Weakness in European shares lasted only for about two hours, although the main Athens index fell and Greek bond yields rose.
The euro was up 0.2 percent at $1.1230 after falling to a new 11-year low in Asian trade.
“The QE announced last week has gone some way to prop up the markets,” Accendo Markets senior trader Tom Robertson said, referring to the roughly 1 trillion euro bond-buying program the European Central Bank launched last week.
But he warned that investors would be on edge for as long as a Greek exit from the euro zone remains a risk.
In the United States, stock futures pointed to a weaker open in a week where the focus will be on the Federal Reserve meeting and the signals that come out about a potential rate hike later in the year.
Syriza’s demands for a debt restructuring have raised the prospect of a stand-off between Athens and other European leaders that might lead to a “Grexit” although financial markets were treating that as a marginal risk yesterday.
The potentially disastrous consequences of such a move for Greece and Europe were likely to force policymakers to find an agreement, analysts said.

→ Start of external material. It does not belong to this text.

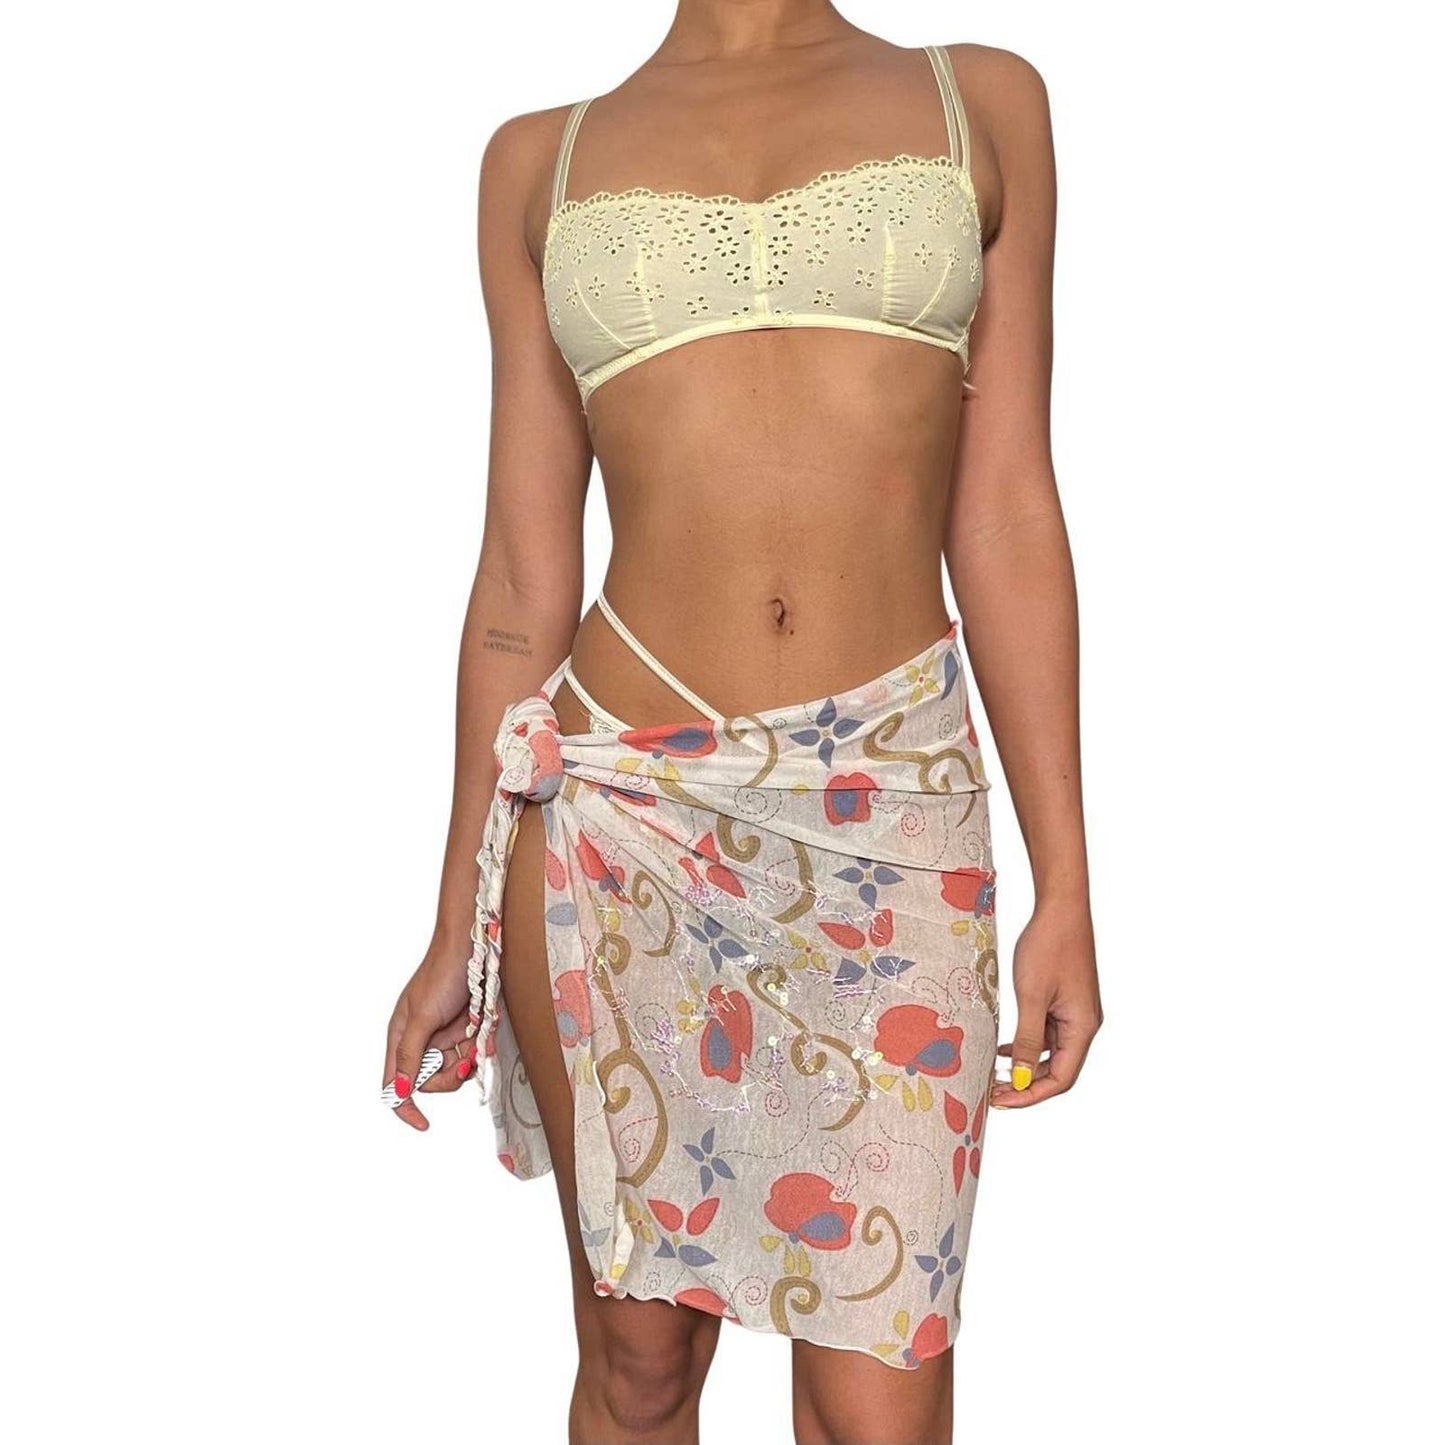 Vintage 2000s mesh print mini skirt

Syriza leader Alexis Tsipras promised Greeks on Jan. 25 that the five years of austerity imposed under bailout programs worth 240 billion euros from the European Union and the International Monetary Fund were over.

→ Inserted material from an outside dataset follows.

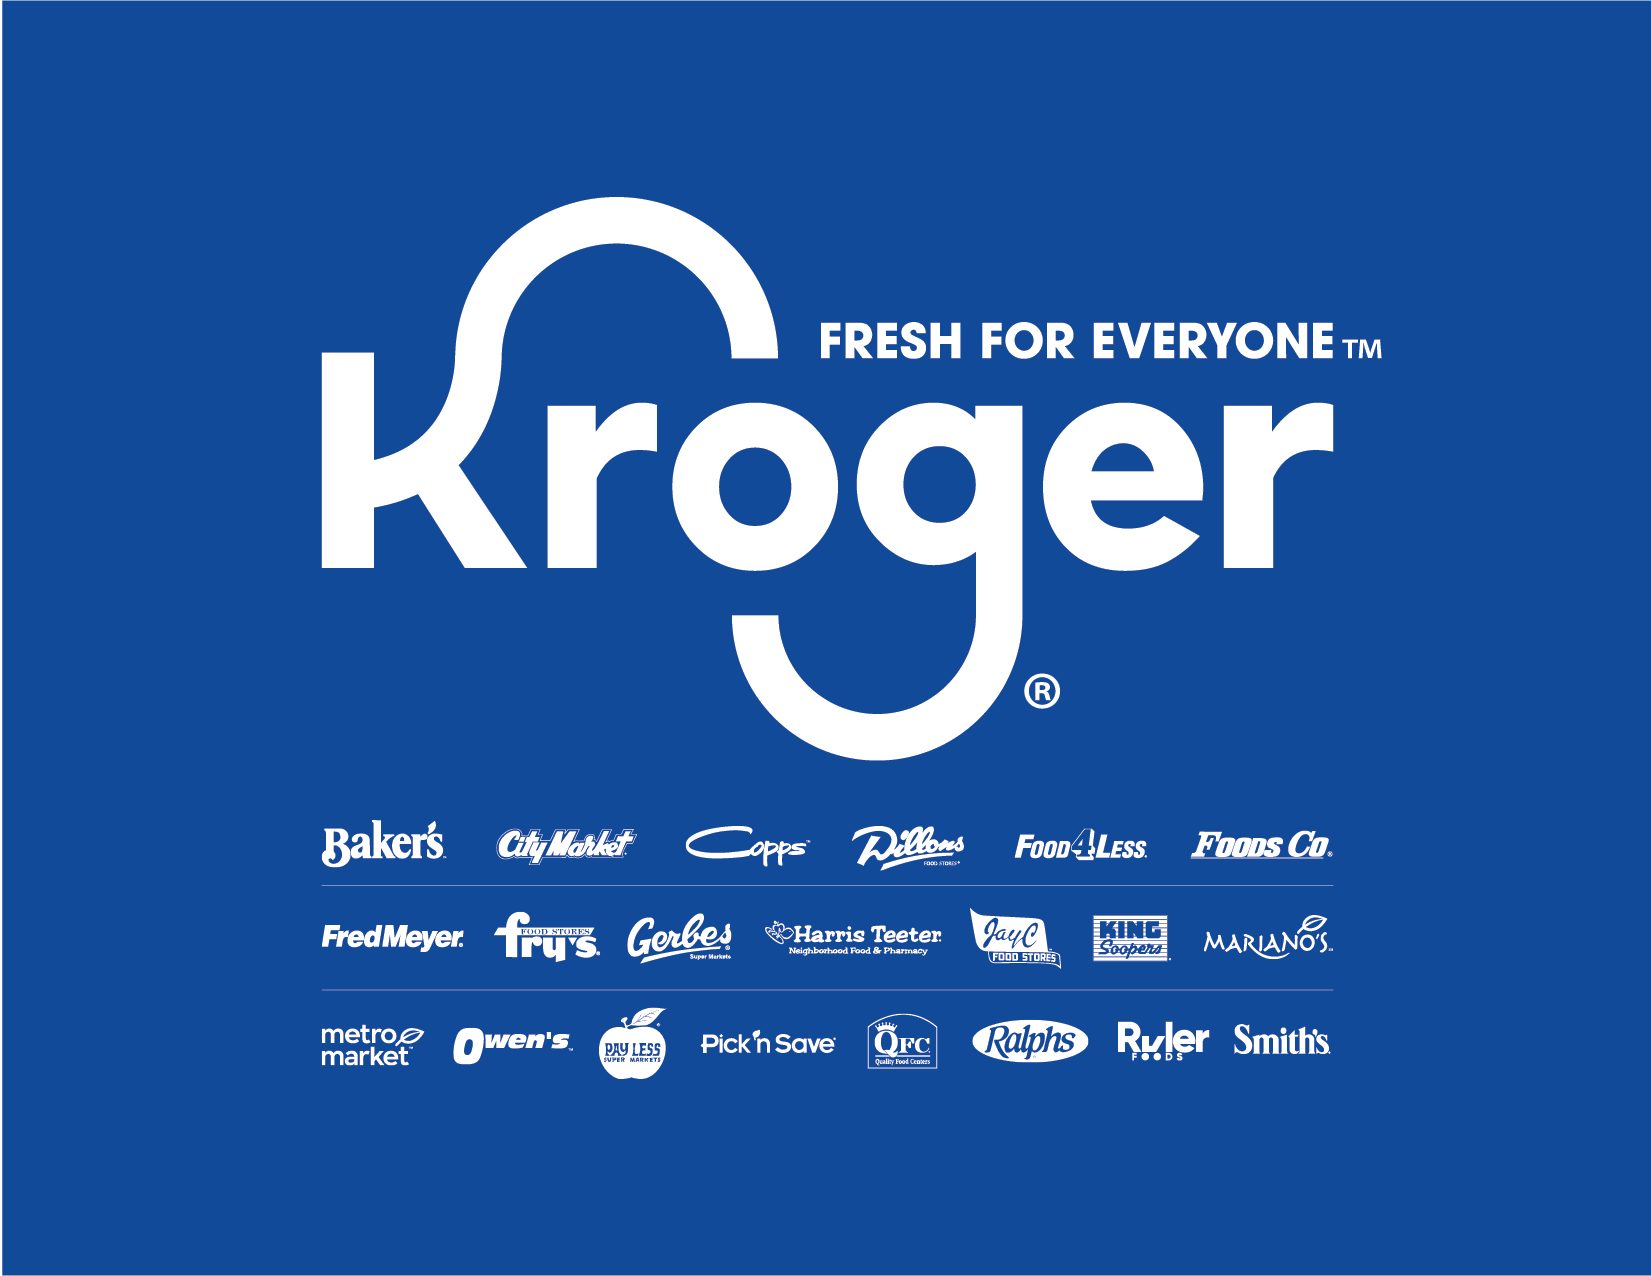 Kroger Fresh For Everyone

He later struck a deal with the right-wing, anti-bailout Independent Greeks party to form a government.
Yields on bonds issued by lower-rated European countries such as Spain and Italy were a touch lower and near recent record lows. Portuguese 10-year yields, seen as the next in line to rise if there were any contagion from Greece, were down 7 basis points at 2.17 percent.

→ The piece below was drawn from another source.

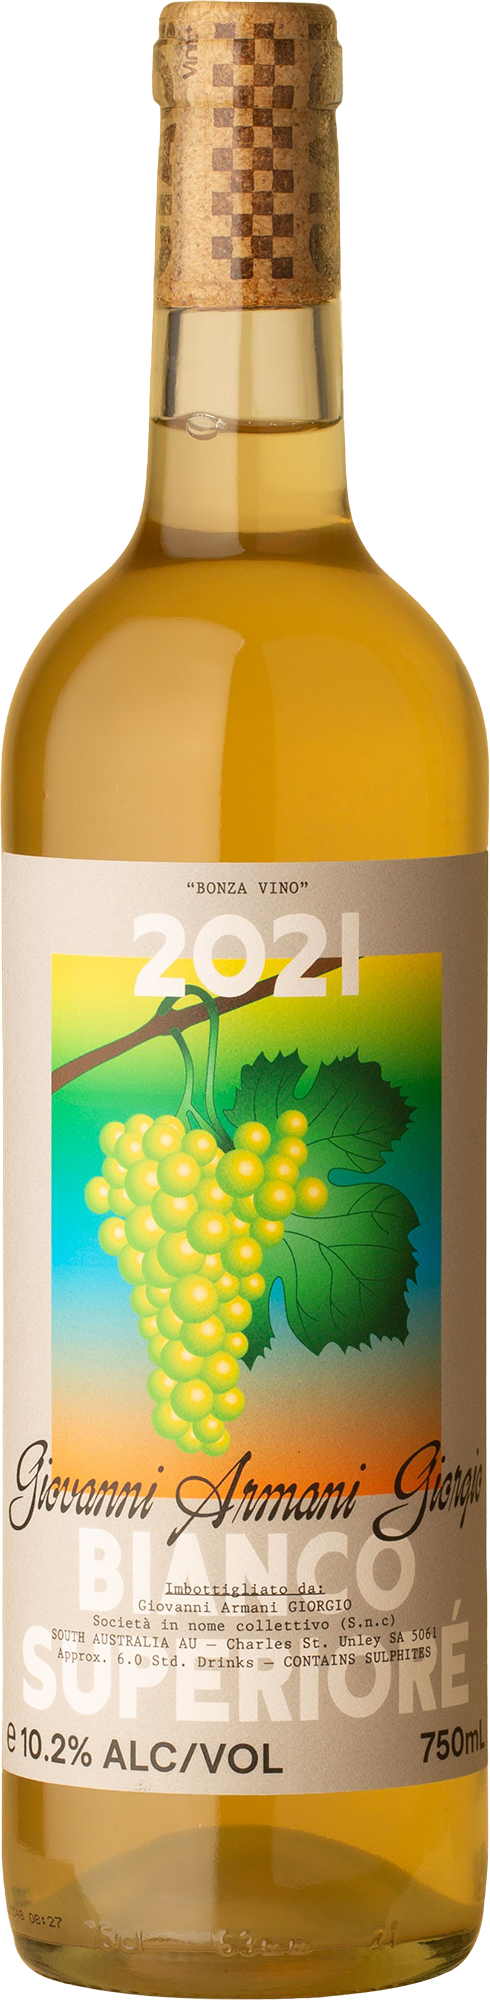 Giovanni Armani Giorgio - Bianco Superioré White Blend 2021 White Wine

Greek markets did not share Europe’s upbeat mood.
Ten-year yields increased 41 basis points to 9.18 percent, while the main stock index fell 2 percent, with shares in banks such as Alpha Bank and Piraeus Bank down even more.
“The Greek result is a great paradox in the sense that we are told the Greek people are voting against austerity measures but wish to remain within the eurozone,” said Alan Wilde, global head of fixed income at Baring Asset Management.
Unlike at the height of the eurozone’s debt crisis in 2011-12, European banks have limited exposure to Greece, while policymakers have put in place safety nets to deal with renewed contagion.
Europe showed a willingness to give Athens more time to pay its debts, but little sign that it would yield to a new Greek government’s demands for debt forgiveness. European Union leaders and policymakers responded to Greek anti-bailout party Syriza’s election victory with warnings that a debt reduction for Greece would be against eurozone rules and would send the wrong message to other members of the single currency.